MERRA uses the Goddard Earth Observing System Data Assimilation System version 5 (GEOS-5) (Rienecker et al. 2008; Rienecker et al. 2011) to assimilate observations, including AIRS radiance data, for the analysis. The 3-hourly instantaneous MERRA winds are averaged daily onto the same 5° × 10° grid boxes as used for AIRS. The MERRA winds are interpolated or averaged from the 42 pressure levels to the 24 AIRS standard pressure levels for T. After these fields are consistently processed on a common grid, the rhs of Eq. (1) can be calculated on 5° latitude × 10° longitude grids, where the gradients are computed by finite differencing in spherical coordinates. We chose pt in Eq. (2) to be 70 hPa, the highest level where the TRAIN Q1 heating rates are estimated. The contribution to total heating rates from the atmosphere above this altitude is at least one order of magnitude smaller than from the atmosphere below and is neglected in this work. Hereafter the column integral of Q1 in Eq. (2) that uses AIRS T and MERRA winds is referred to as AIRS/MERRA Q1. We have used the MERRA T and winds to mimic the real-world situation and performed tests of sensitivity of the biases, from the actual MERRA diabatic heating rates, to different combinations of the sampled T and winds and spatial averaging for the calculations. The above described method provides the most accurate approximation to the actual MERRA diabatic heating rates, given the twice per day sampling frequency and large size (5° × 10°) grid boxes. Using the daily averaged wind fields, instead of the wind field snapshots that are simultaneous to AIRS measurements, is critical in providing more accurate daily averaged heating rates. We have also used ERA-Interim winds, instead of MERRA winds, and found that they yield a Q1 very similar to that of AIRS/MERRA Q1.

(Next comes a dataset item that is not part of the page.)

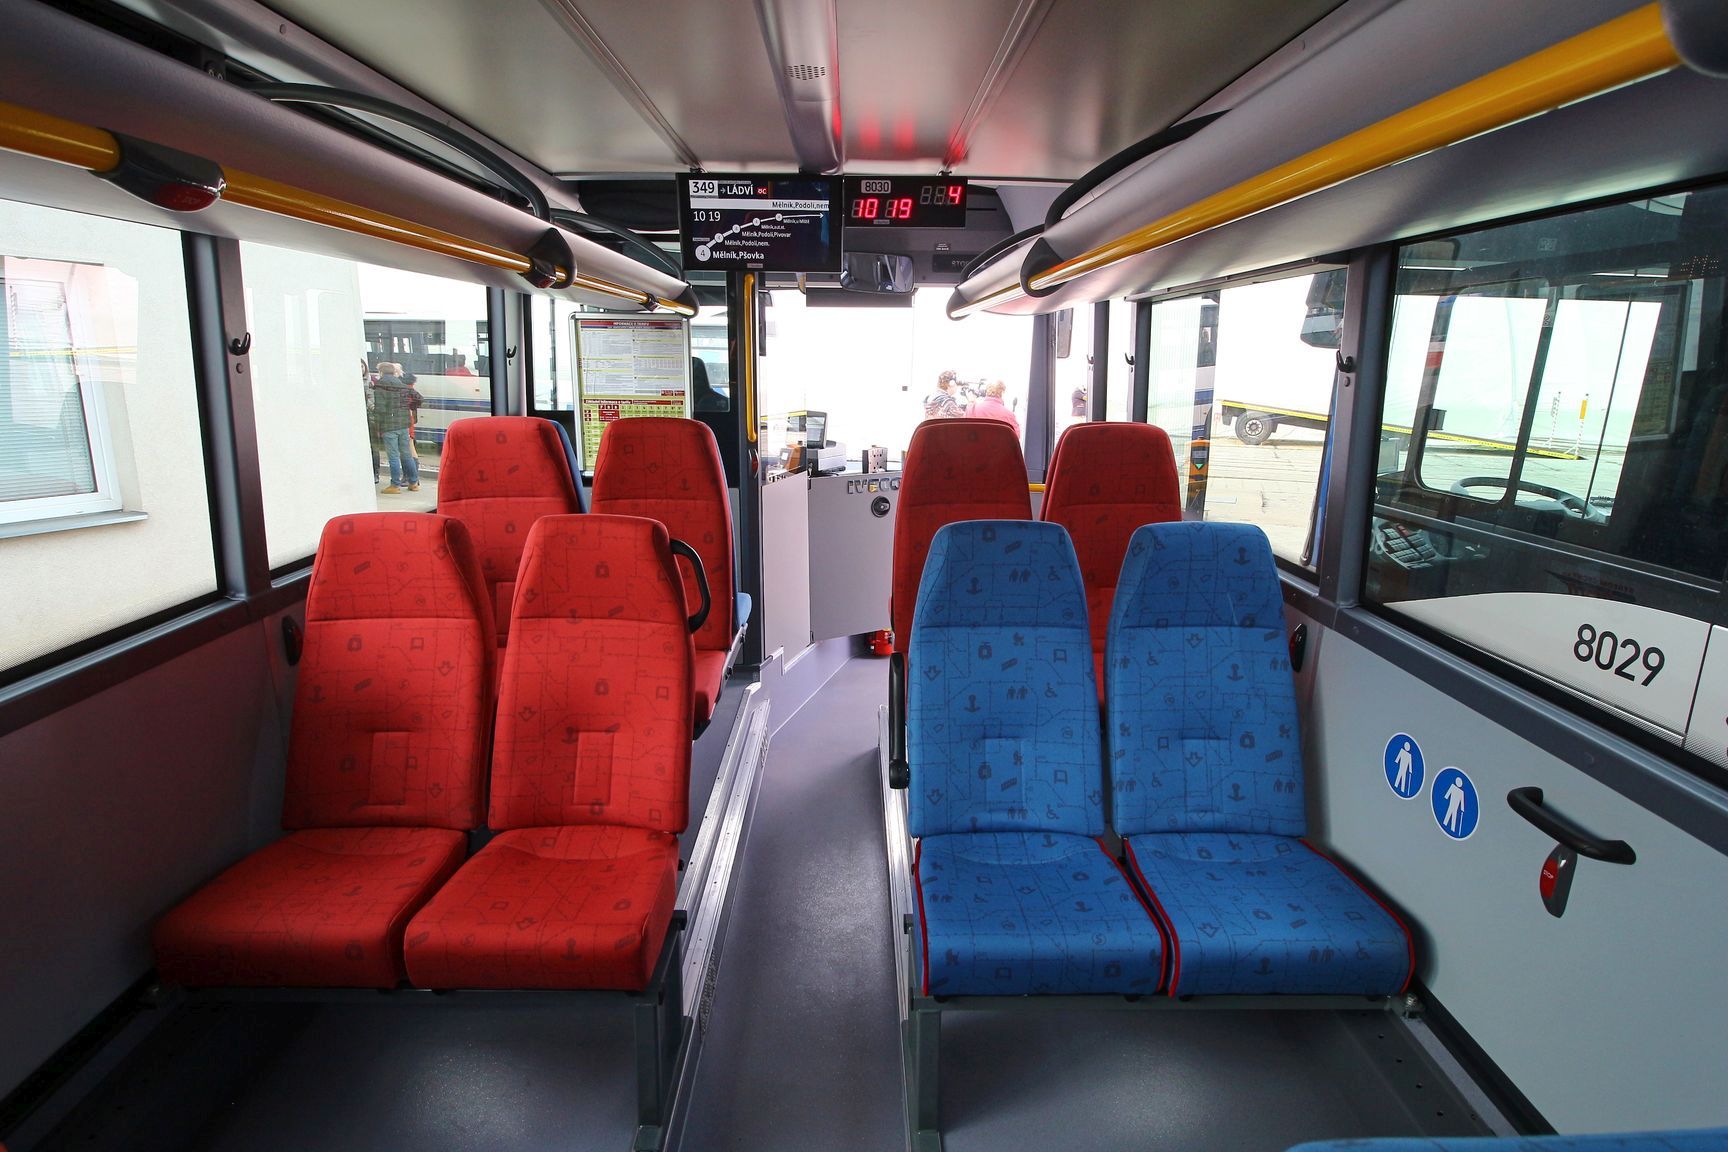 Nové autobusy Iveco pro PID. Pramen: ROPID
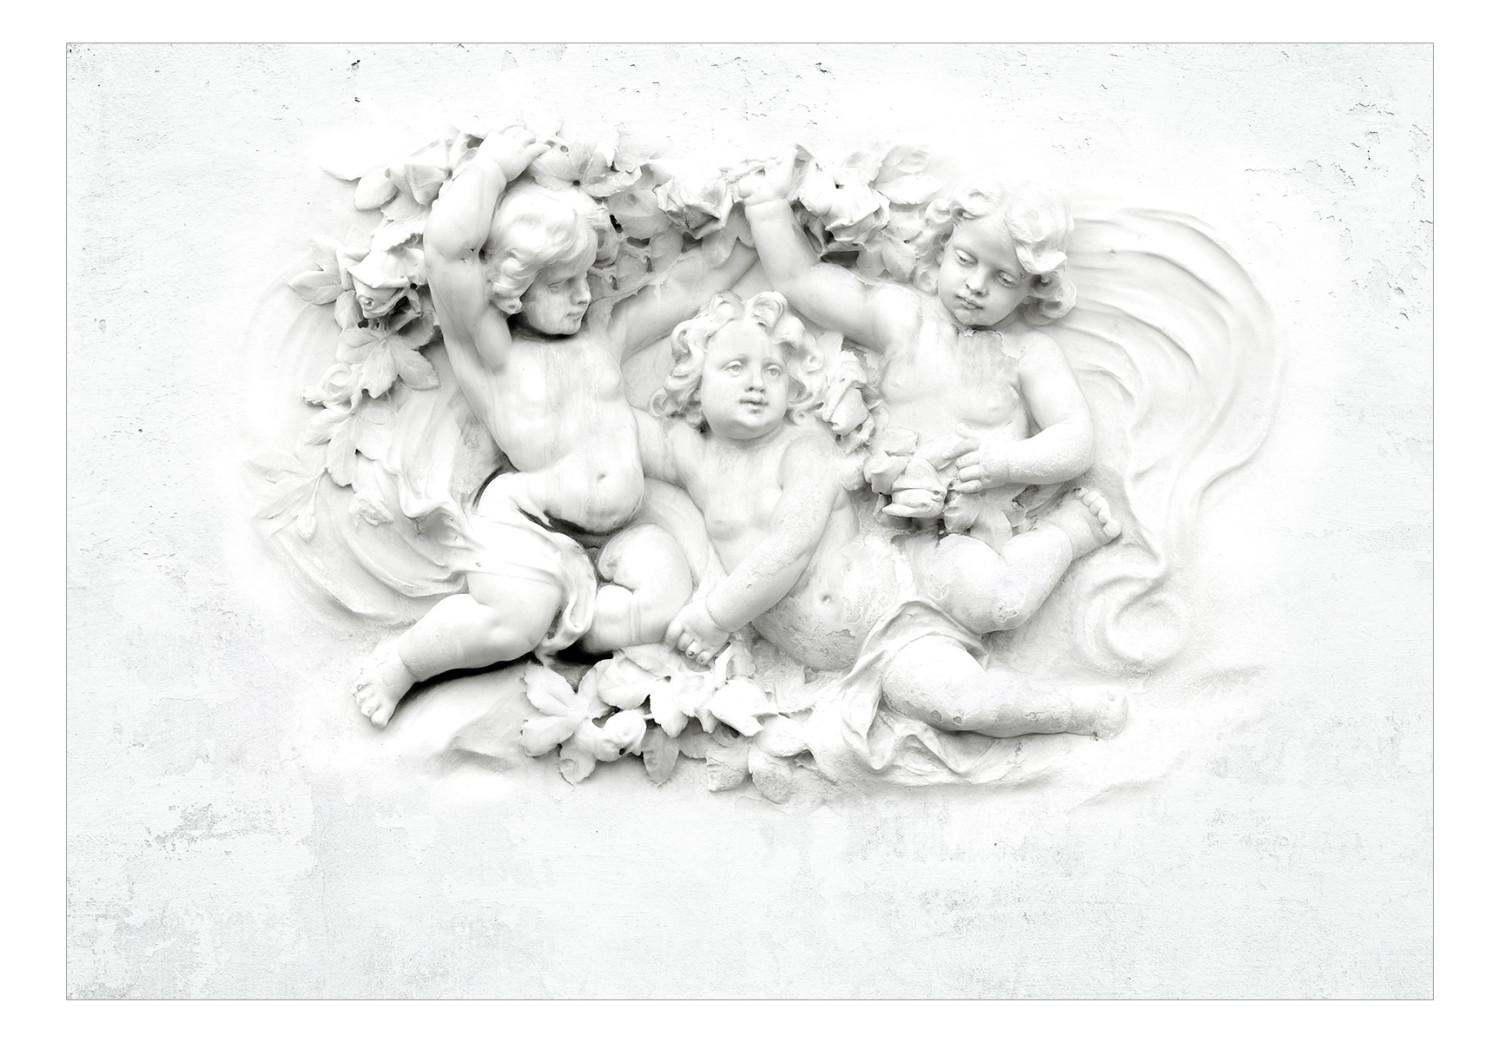 Fotomural Motivo religioso - Esculturas de angelitos en fondo blanco

To compute the heat flux convergence between the TOA and the surface, we apply the SRB shortwave (SW) and longwave (LW) radiative fluxes (Fu et al. 1997; Gupta et al. 1992; Gupta et al. 2001; Pinker and Laszlo 1992; Stackhouse et al. 2011). In this study, the radiative fluxes are from the SW and LW quality-check algorithm (Gupta et al. 1992, 2001). The daily and monthly mean of the flux data have a general bias of ~4 W m−2. The data are derived on a 1° × 1° resolution grid, and we average them onto 5° × 10° grid boxes for comparison with other data.

The precipitation P in Eq. (2) is obtained from the GPCP 1DD (version 1.2) data product, daily precipitation syntheses at 1° × 1° resolution. It is based on the GPCP version 2.2 satellite–gauge product, which merges global precipitation-gauge analyses with precipitation retrievals from satellites including Special Sensor Microwave Imager and Image/Sounder (SSM/I and SSM/IS), Television and Infrared Observation Satellite (TIROS) Operational Vertical Sounder (TOVS), AIRS, and others (Huffman et al. 2001; Huffman et al. 2009 and references therein). In this study, the GPCP 1DD P fields are averaged daily on 5° × 10° grid boxes to facilitate comparison to other data and simply referred to as GPCP.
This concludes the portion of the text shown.